REDUCING THE BURDENS OF ELECTRONIC HEALTH RECORD USE
EHRs have played an instrumental role in the healthcare industry’s journey towards digitalization, but the switch has brought myriad problems associated with cognitive overload, endless documentation, and user burnout.
CONTAINING THE RISKS OF ANTIBIOTIC RESISTANCE
Antibiotic resistance is a growing threat to populations around the world as the overuse of these critical drugs fosters the evolution of superbugs that no longer respond to treatments. Multi-drug resistant organisms can wreak havoc in the hospital setting, and claim thousands of lives every year.
BRINGING INTELLIGENCE TO MEDICAL DEVICES AND MACHINES
Smart devices are taking over the consumer environment, offering everything from real-time video from the inside of a refrigerator to cars that can detect when the driver is distracted.
ADVANCING THE USE OF IMMUNOTHERAPY FOR CANCER TREATMENT
Immunotherapy is one of the most promising avenues for treating cancer. By using the body’s immune system to attack malignancies, patients may be able to beat stubborn tumors. However, only a small number of patients respond to current immunotherapy options, and oncologists still do not have a precise and reliable method for identifying which patients will benefit from this option.
TURNING THE ELECTRONIC HEALTH RECORD INTO A RELIABLE RISK PREDICTOR
EHRs are a goldmine of patient data, but extracting and analyzing that wealth of information in an accurate, timely, and reliable manner has been a continual challenge for providers and developers.
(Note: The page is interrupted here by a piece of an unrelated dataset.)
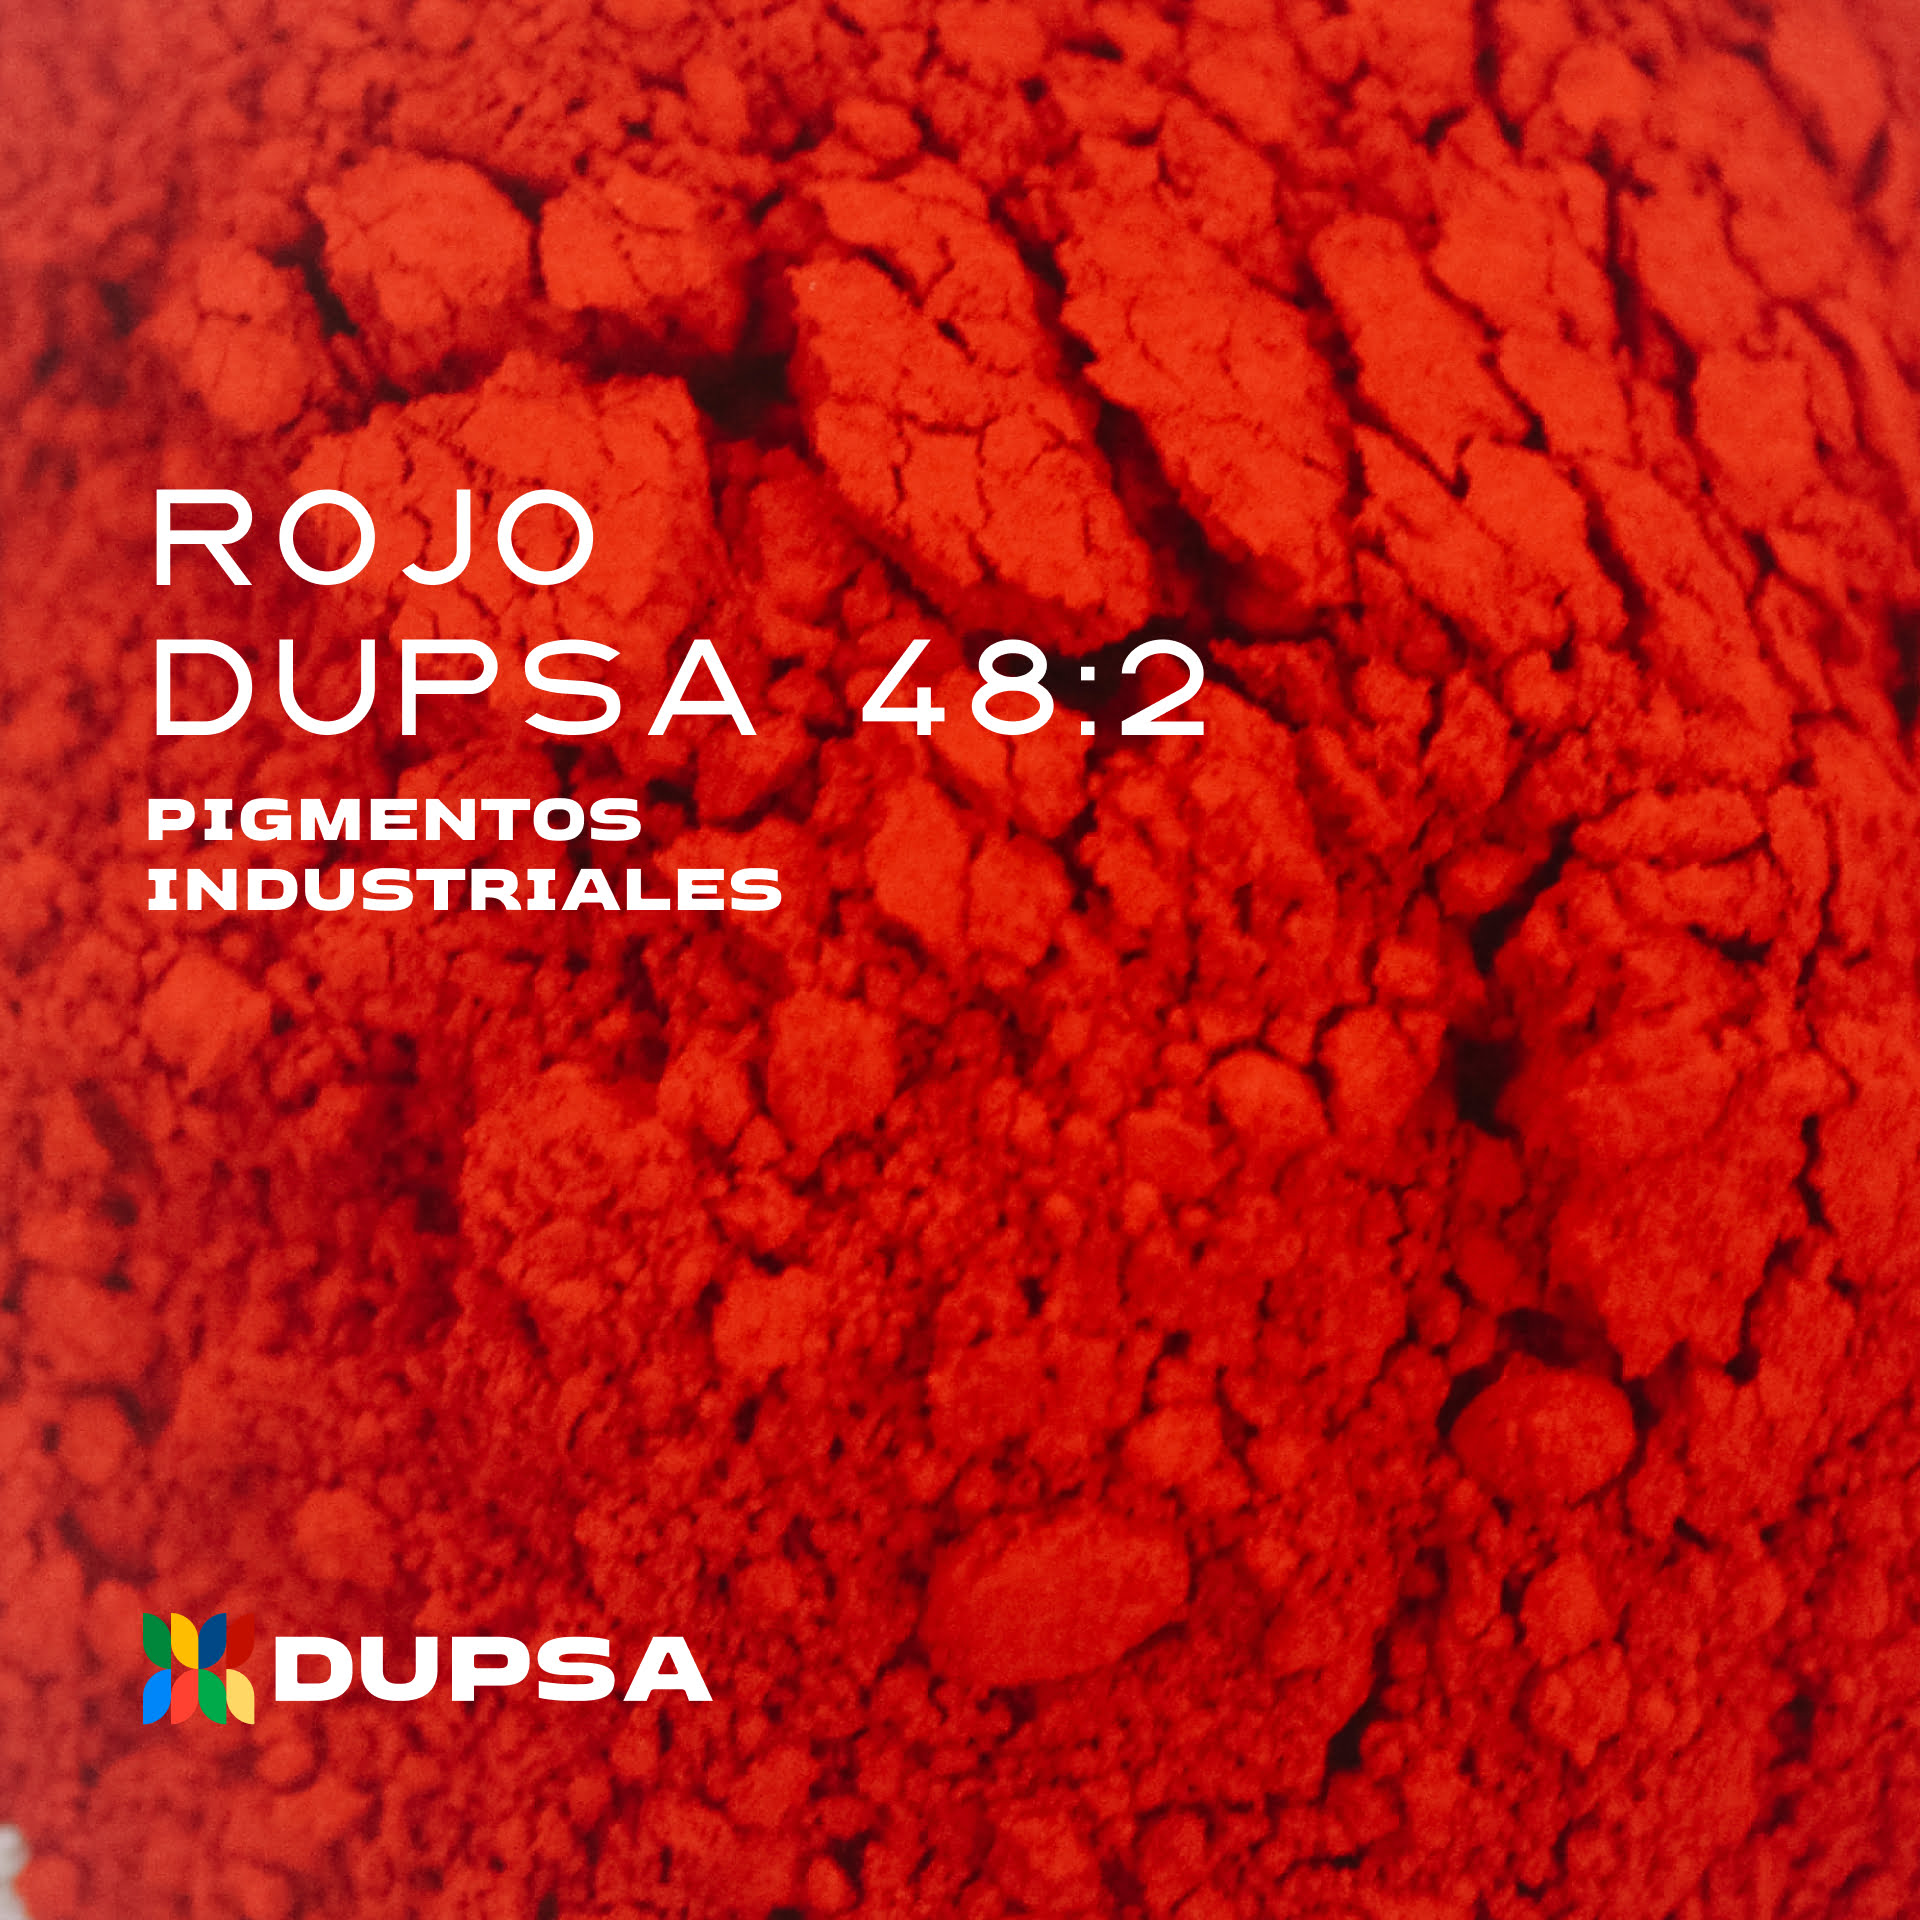 qd-ad-pigmentos- Rojo Dupsa 48_2
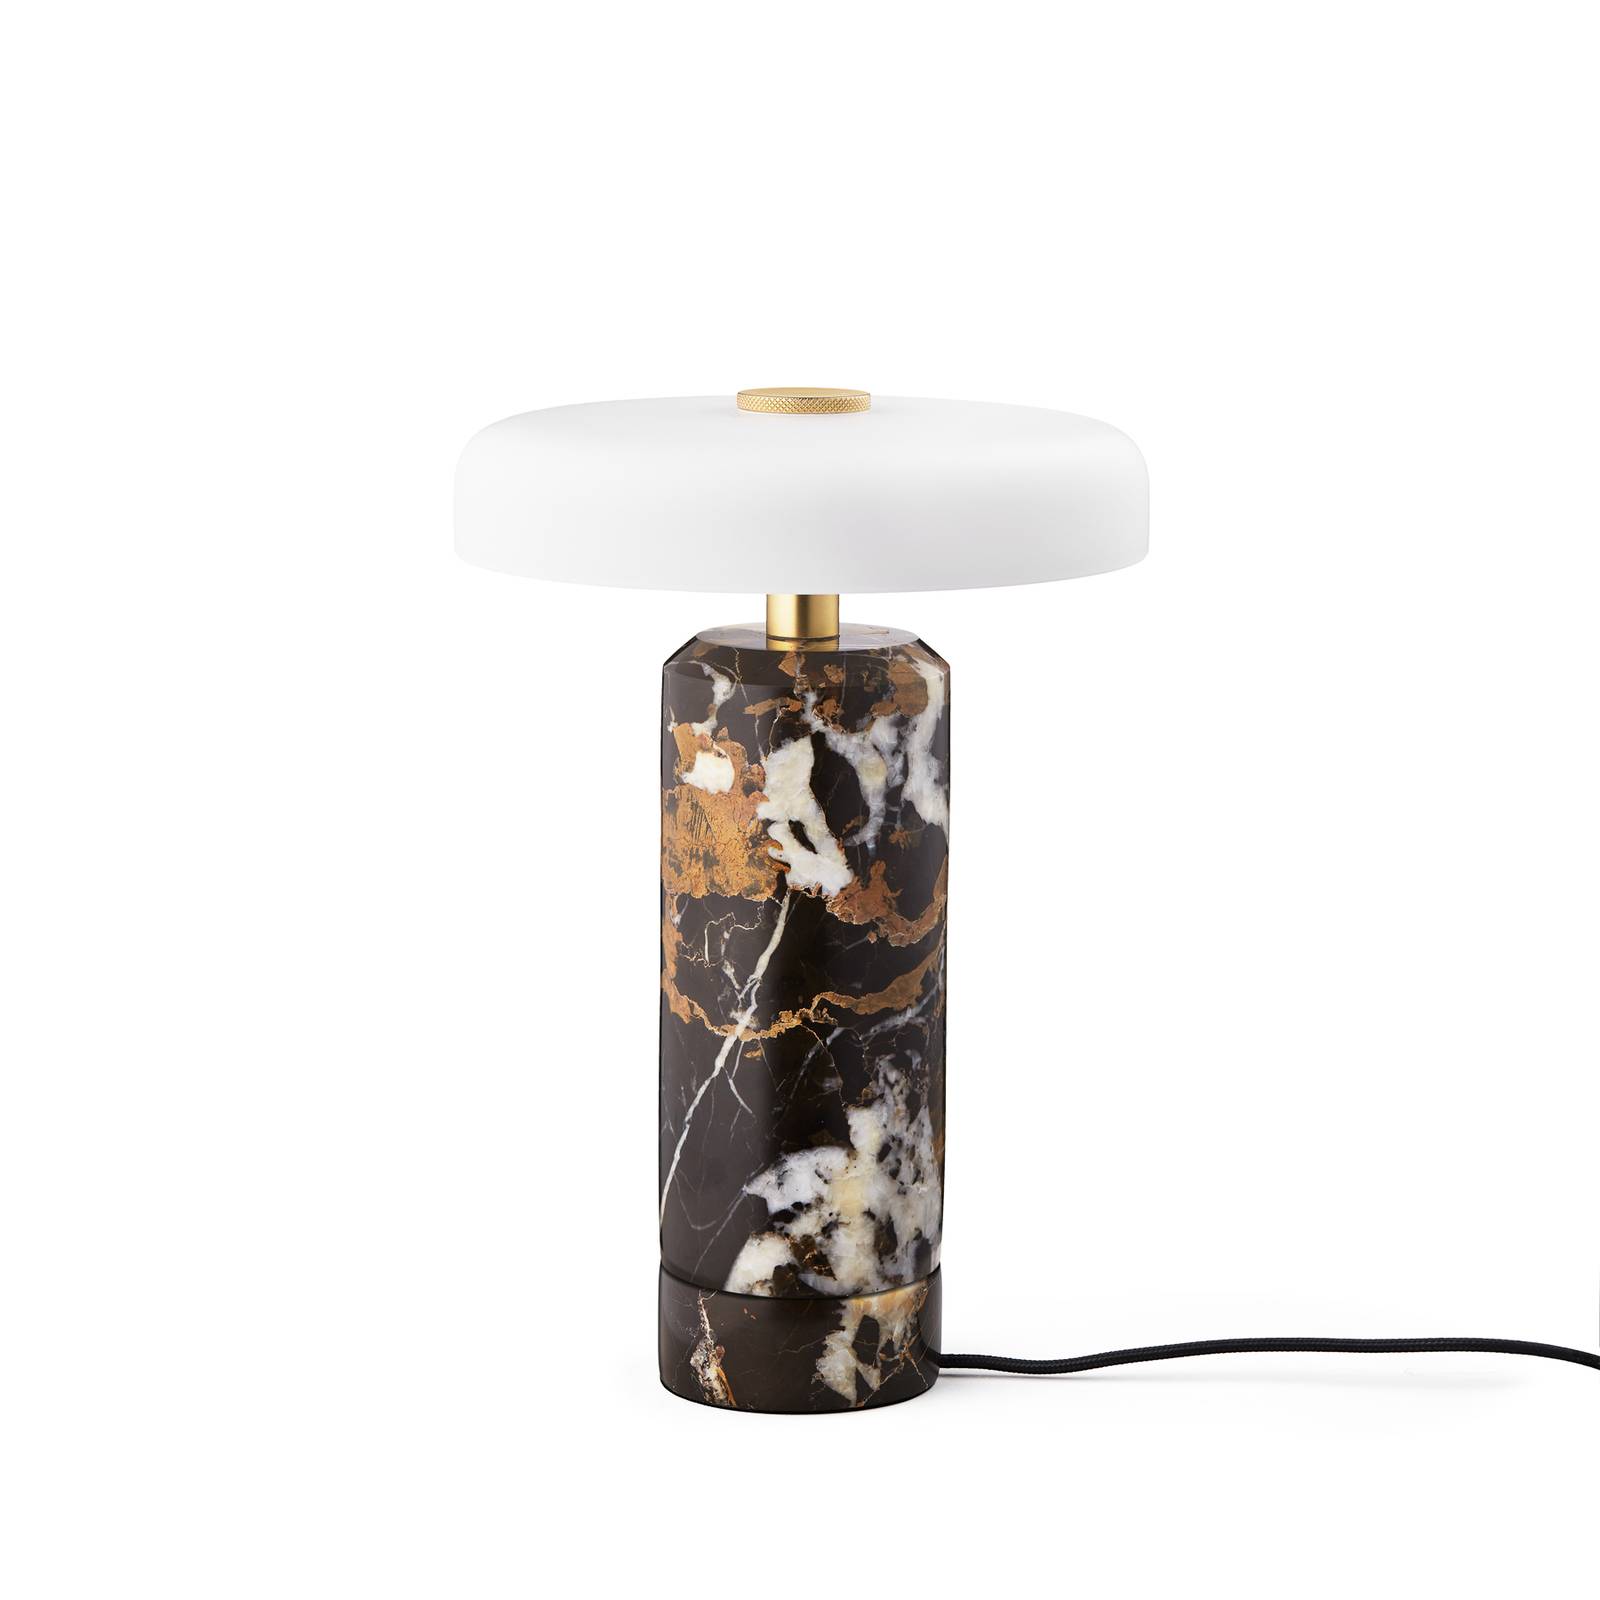 DESIGN BY US Trip LED bordslampa uppladdningsbar färgad / vit marmor glas IP44

REVOLUTIONIZING CLINICAL DECISION MAKING WITH ARTIFICIAL INTELLIGENCE AT THE BEDSIDE
As the healthcare industry shifts away from fee-for-service, so too are it moving further and further from reactive care. Getting ahead of chronic diseases, costly acute events, and sudden deterioration is the goal of every provider – and reimbursement structures are finally allowing them to develop the processes that will enable proactive predictive interventions.
Conclusion
Artificial Intelligence is improving the healthcare industry. From predictive medical care and more accurate diagnosis to motivating the patients to take care of their health, AI will certainly continue enhancing the patient experience and healthcare expertise in general.